*Task prompt*: I would like the lines below, from the one with "KIOSK端末・自動精算機 開発の流れ" through the one with "Bolsas de té", copied exactly and without any pictures.

*Material for the task*:
---+---

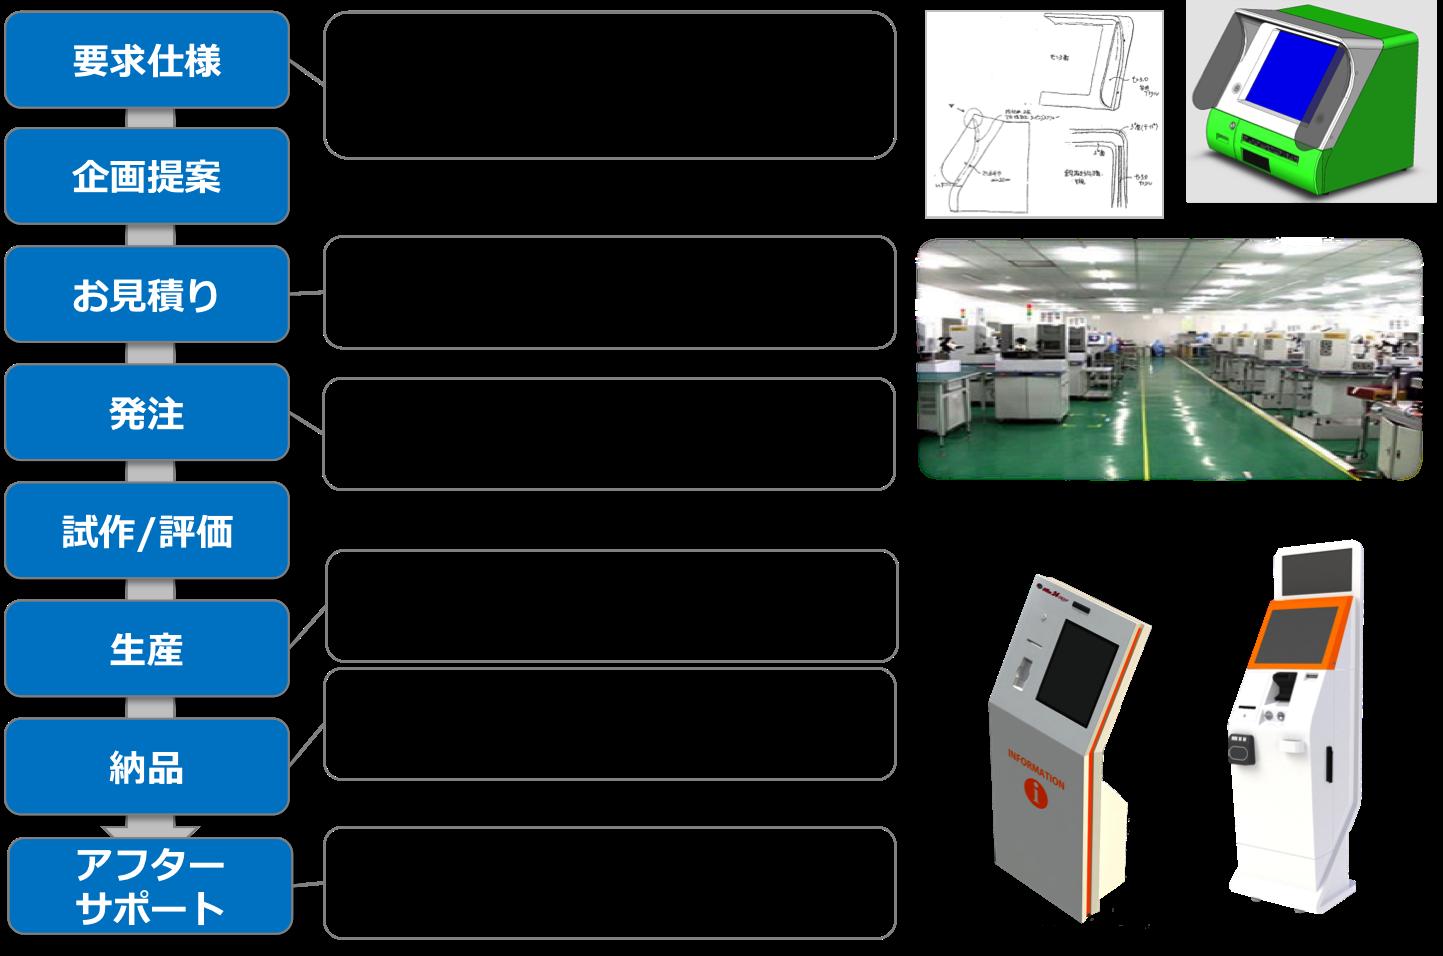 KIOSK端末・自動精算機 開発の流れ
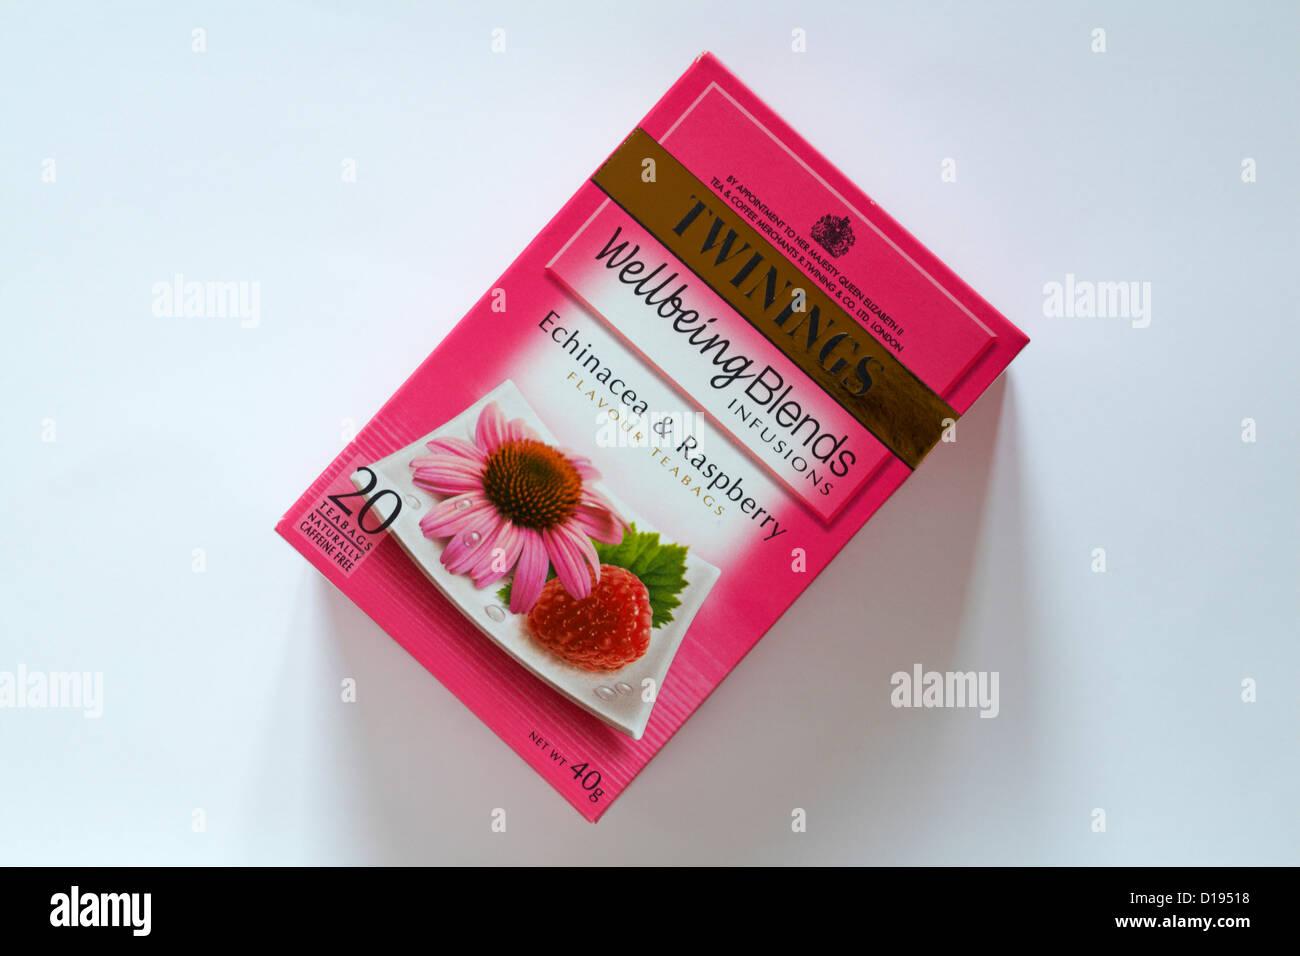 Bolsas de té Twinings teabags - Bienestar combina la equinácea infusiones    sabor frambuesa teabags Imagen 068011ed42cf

---+---

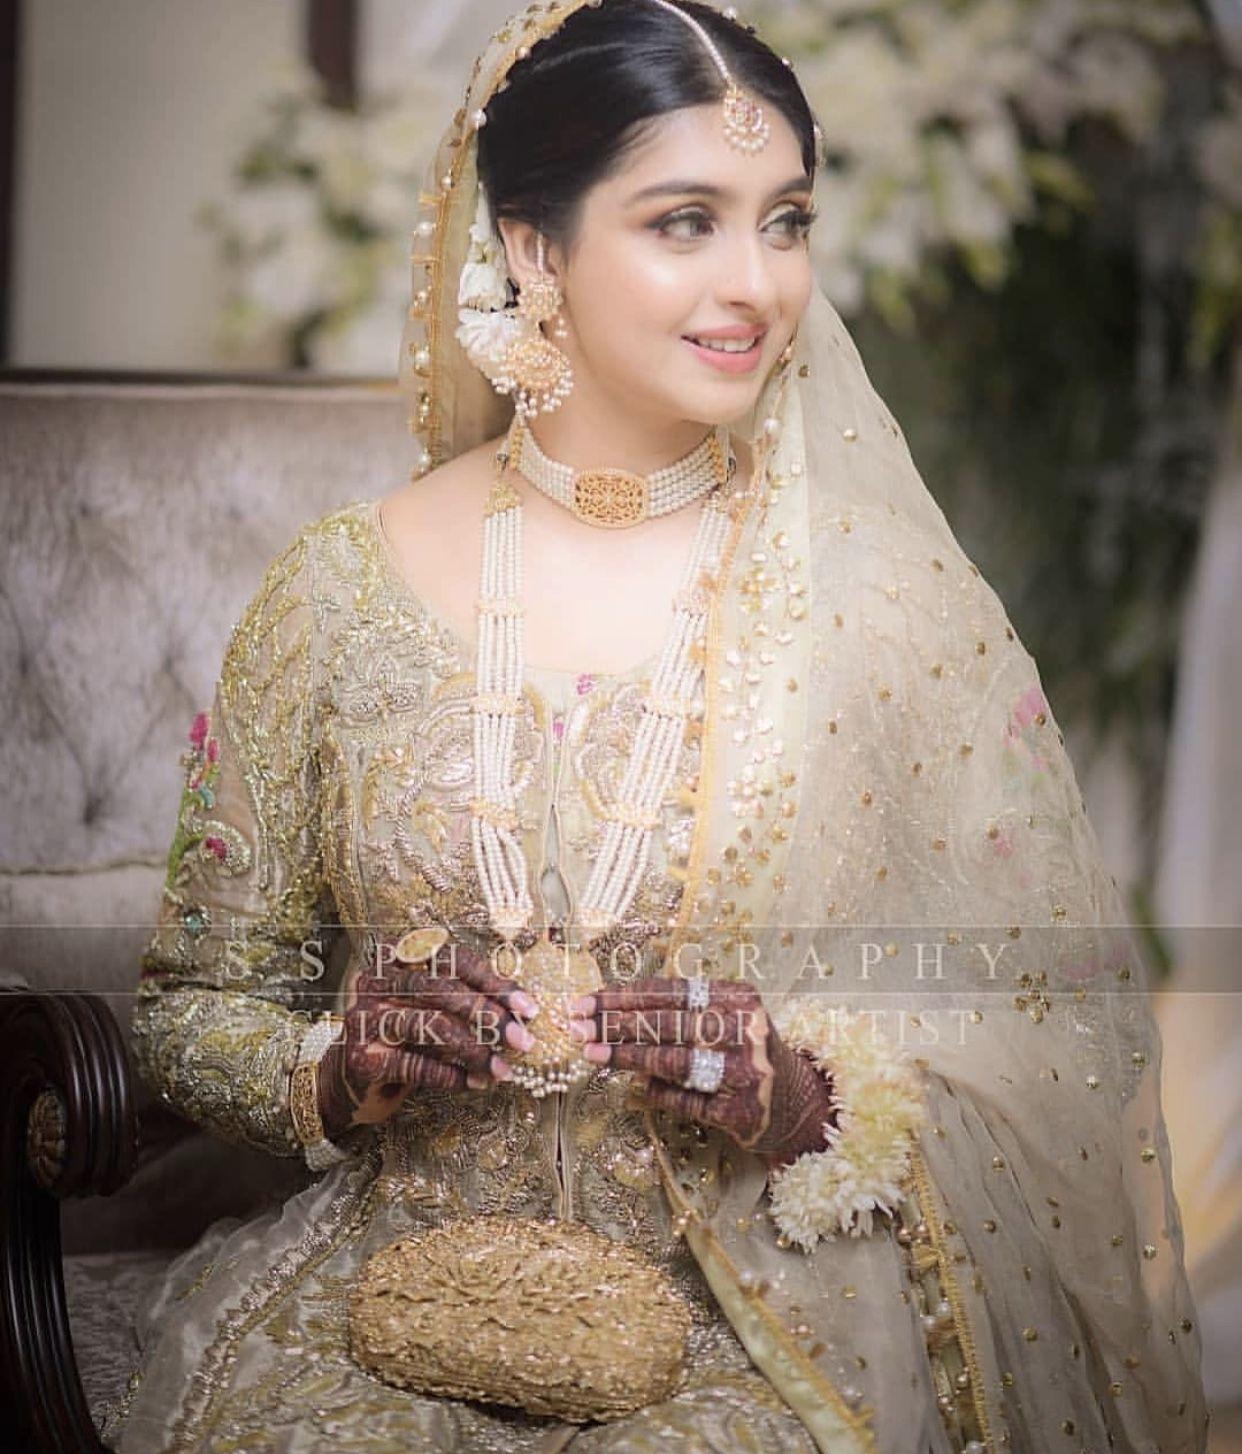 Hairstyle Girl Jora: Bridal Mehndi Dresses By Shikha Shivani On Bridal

---+---

*Expected answer*:
 KIOSK端末・自動精算機 開発の流れ
 Bolsas de té Twinings teabags - Bienestar combina la equinácea infusiones    sabor frambuesa teabags Imagen 068011ed42cf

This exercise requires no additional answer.